Nurses Support the Health of Horse Racing’s Invisible Workers
The Kentucky Derby is Saturday, May 5.
The Kentucky Derby calls forth images of giant racehorses, garlands of red roses, and fans wearing elaborate hats and sipping mint juleps.
But behind the track’s public face are low-wage workers who labor in the backstretch, near the stables. They exercise, feed, and shampoo the horses, clean stalls, and lift hay bales. Up at 4 a.m., these migrant workers often don’t speak English, are unfamiliar with U.S. culture and customs, and as independent contractors, don’t receive health insurance.
The University of Louisville School of Nursing set out in 2005 to meet the health needs of this invisible population. The school partnered with a track-funded non-profit organization to create the Kentucky Racing Health Services Center. Today, the clinic—run and staffed by nurse practitioners (NPs)—is unique in the racing industry, providing a source of comprehensive primary health care for licensed racetrack workers. Not only is the quality of care high, but the clinic has proven it saves money over fragmented, episodic care.
“Our goal has been to fill a need and offer continuity of care,” says clinic Founding Director Whitney A. Nash, PhD, APRN, who is also an associate professor and associate dean of practice and service at the University of Louisville School of Nursing. She grew up around the city’s horse racing industry and has long been interested in underserved populations. “It’s not uncommon to have a 40- or 50-year old patient who has never seen a provider,” she says. “We are starting from the very, very beginnings of a plan of care.”
Providing Continuity of Care
Most patients learn about the Racing Health Services Center through word of mouth and come in because they are sick. The clinic operates in an old schoolhouse 10 minutes by foot from the Churchill Downs racetrack. Open from 10 am to 3:30 pm daily, the hours workers aren’t at the track, the center offers physicals, well-women services, mental health care, and care for chronic conditions such as asthma, diabetes, and hypertension.
The Center is staffed by faculty at the University of Louisville School of Nursing. Two nurse practitioners who specialize in treating adults anchor the clinic and receive support from nurse practitioners specializing in family practice, women’s health, and psychiatry on a rotating basis. The psychiatric nurse practitioner, a new addition, has allowed the clinic to better identify and treat patients with depression, substance abuse problems, and attention deficit hyperactivity disorder. A variety of the university’s nursing, medical, community health, and nurse practitioner programs use the site for clinical rotations.

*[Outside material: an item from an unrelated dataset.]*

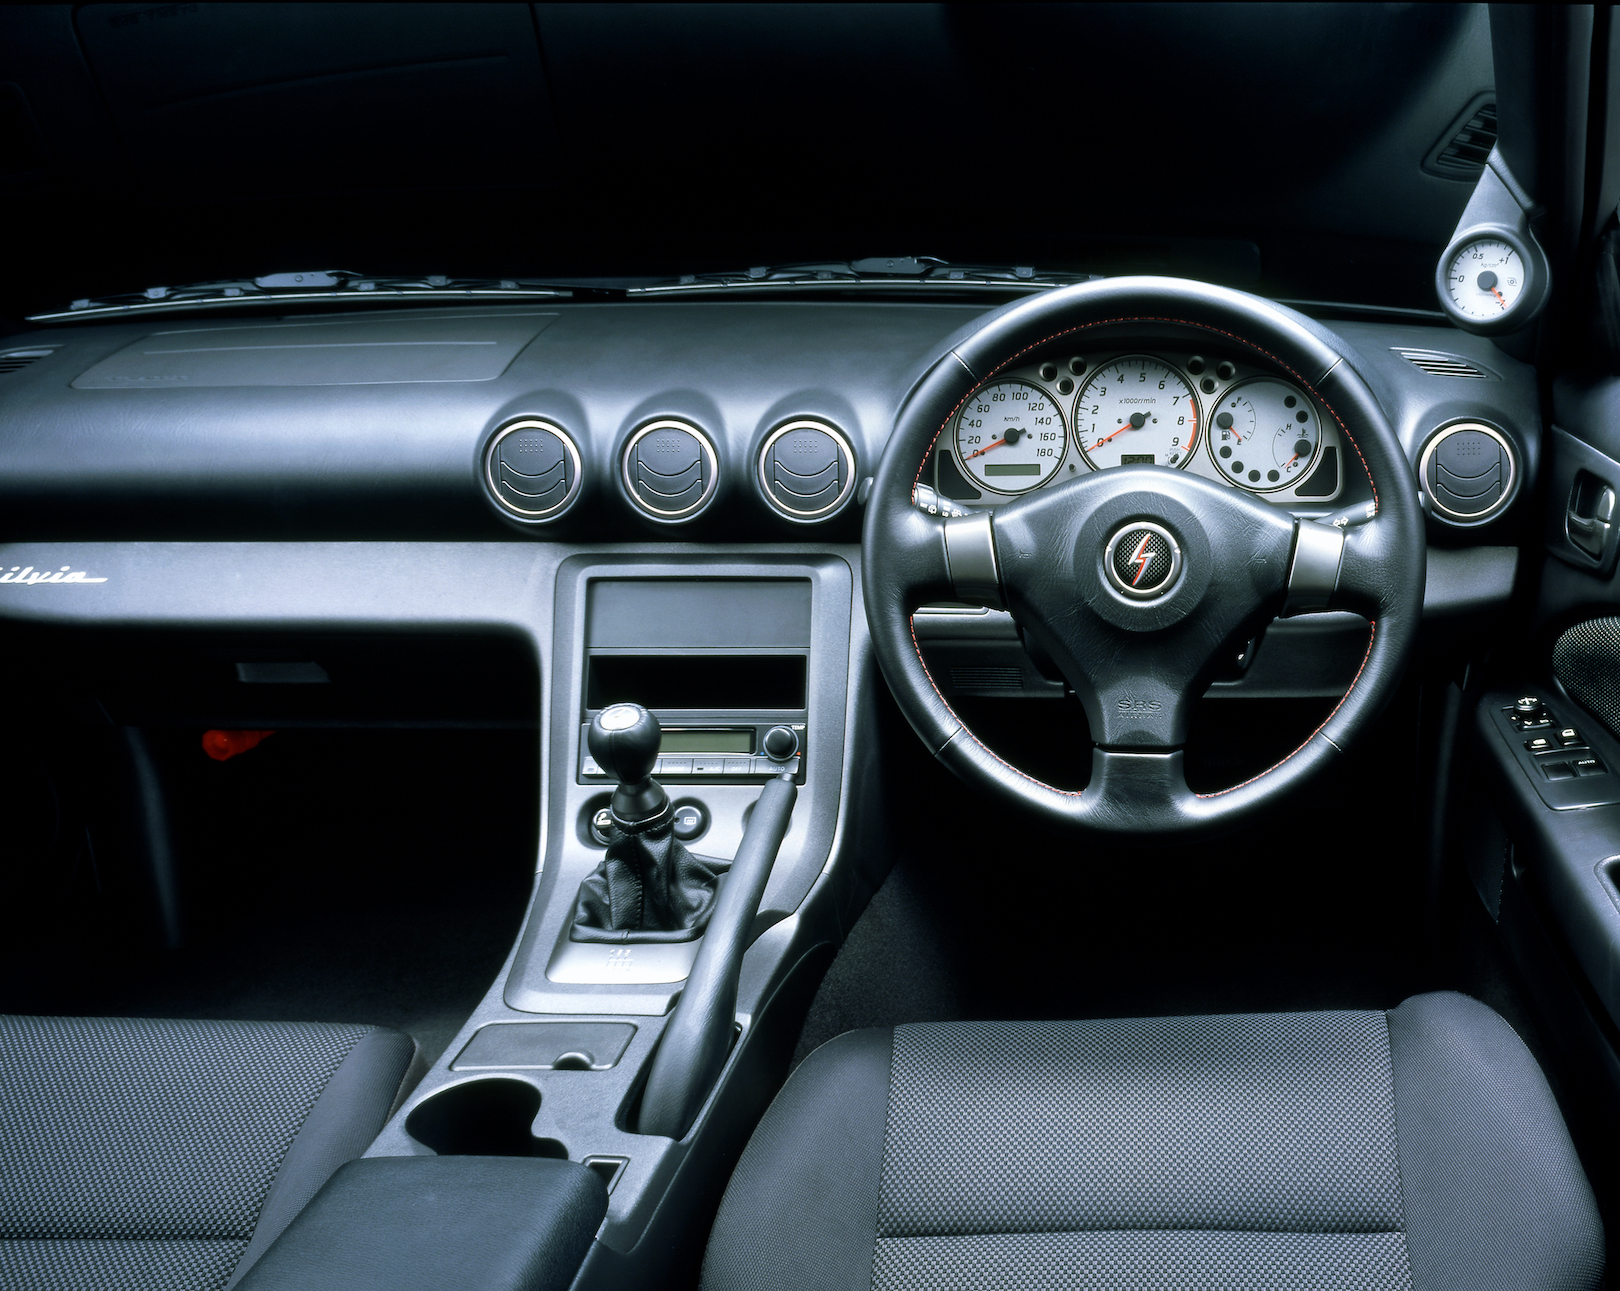 Cockpit of the 1999 Nissan Silvia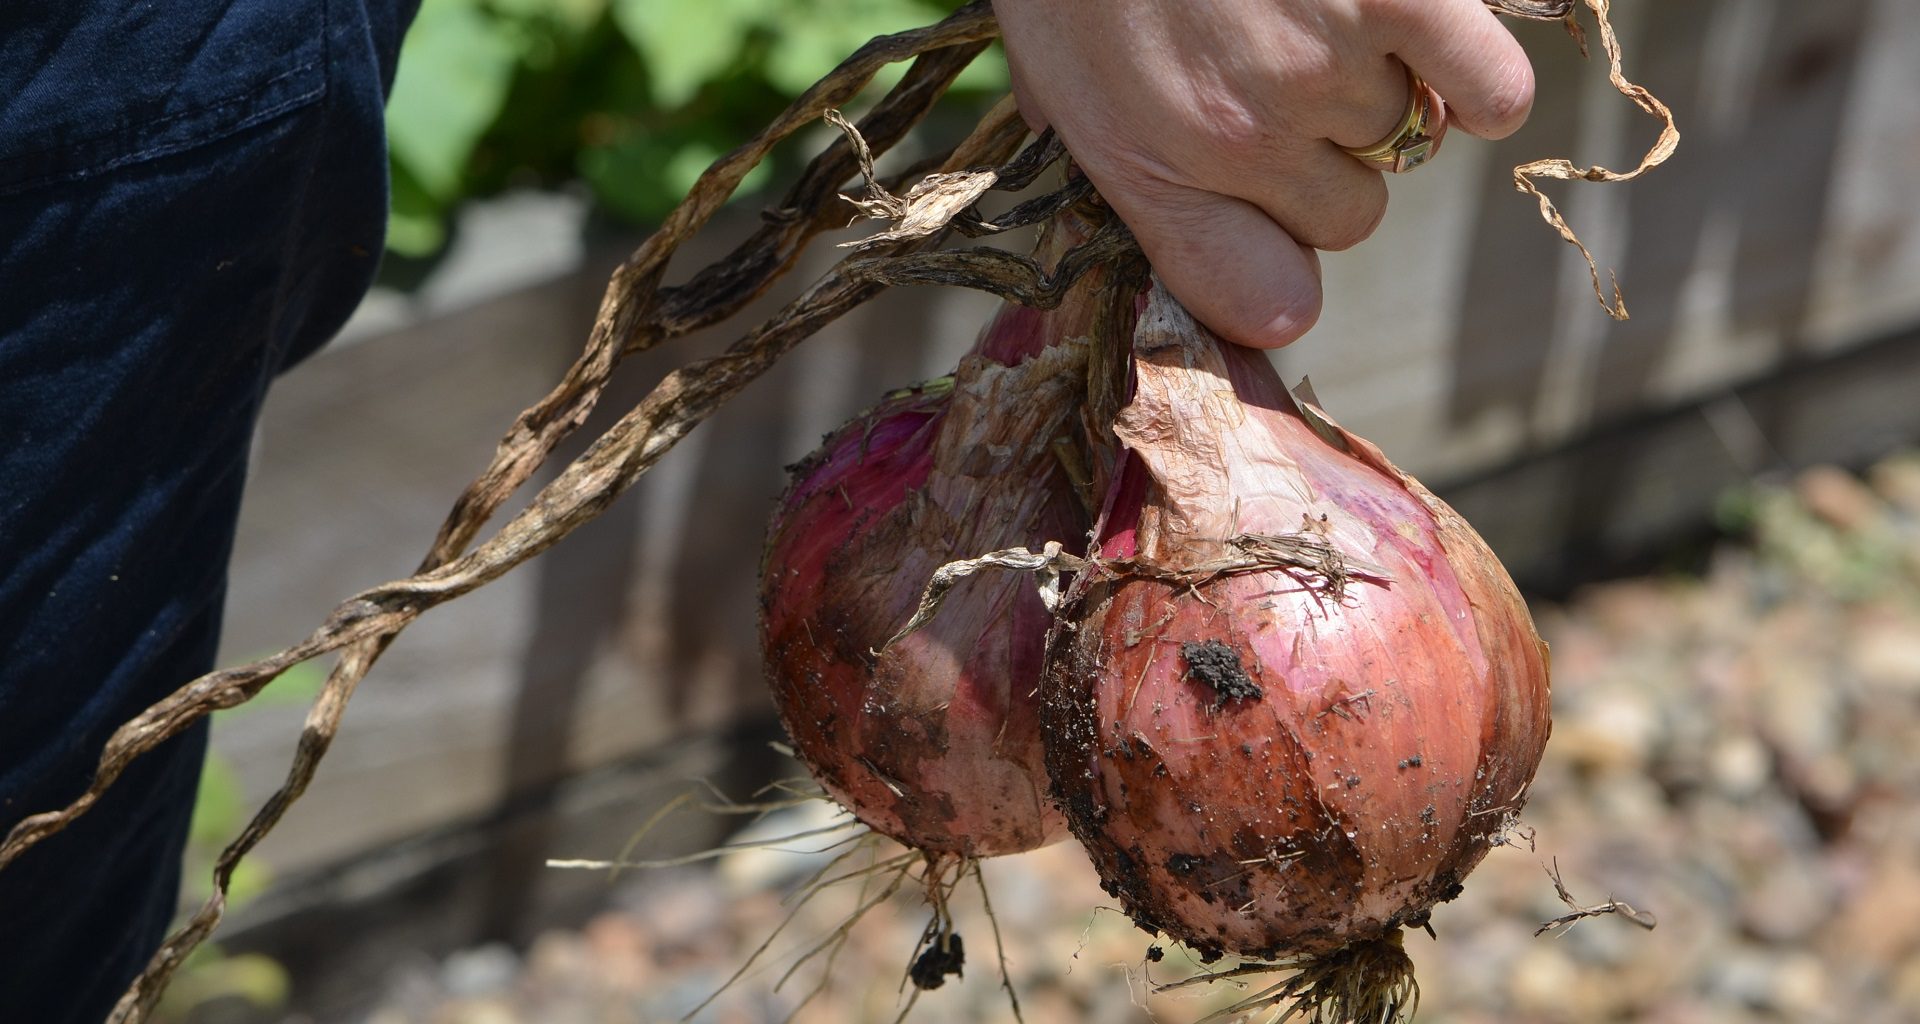 Harvesting Onions The Proper Way

The center has a patient population of up to 1,800 patients each year and follows nationally-accepted clinical guidelines for screening and diagnosing diabetes, a condition for which its patient population is at risk. Of the patients with diabetes being managed by clinic staff, the vast majority are up to date on prescriptions and tests. A full 91 percent of these patients receive eye exams, and 84 percent receive foot exams, percentages that far exceed 2010 national averages for diabetes patients of 52 and 67 percent respectively.
Generating Cost Savings
Care at the clinic is paid for by the Kentucky Racing Health and Welfare Fund, which provides money for workers’ medical, dental, vision, and funeral expenses and contributes to a modest worker retirement benefit. Most of funding comes from un-cashed winning tickets from Churchill Downs races. The proceeds are sent to the state of Kentucky, which then uses the money to support the fund.
The Welfare Fund began paying for workers’ medical care before the clinic opened, but in those days, many track workers went without primary care or used the emergency room. If they saw a provider, care was episodic—and there was typically no follow-up. The establishment of a nurse practitioner-run clinic, providing comprehensive primary care, has significantly reduced the cost of the track workers’ care. In the first five years of clinic operations, the welfare fund saw a 10 percent reduction in annual medical expenses. In the second five years, medical costs fell another 24 percent.
“Consistency of provider is a huge thing,” explains Nash. “If you get one provider and then you move to another, they repeat tests. We also follow established prescribing protocols that say, ‘start with a generic.’”
The clinic’s policy of writing prescriptions for a 90-day supply to ensure that patients continue to manage their chronic conditions as they follow their racehorses around the U.S. also helps to keep workers healthy and costs in check. Nash believes such a model, with another source of funding, could potentially to be used in other states to fund services for low-wage migrant workers.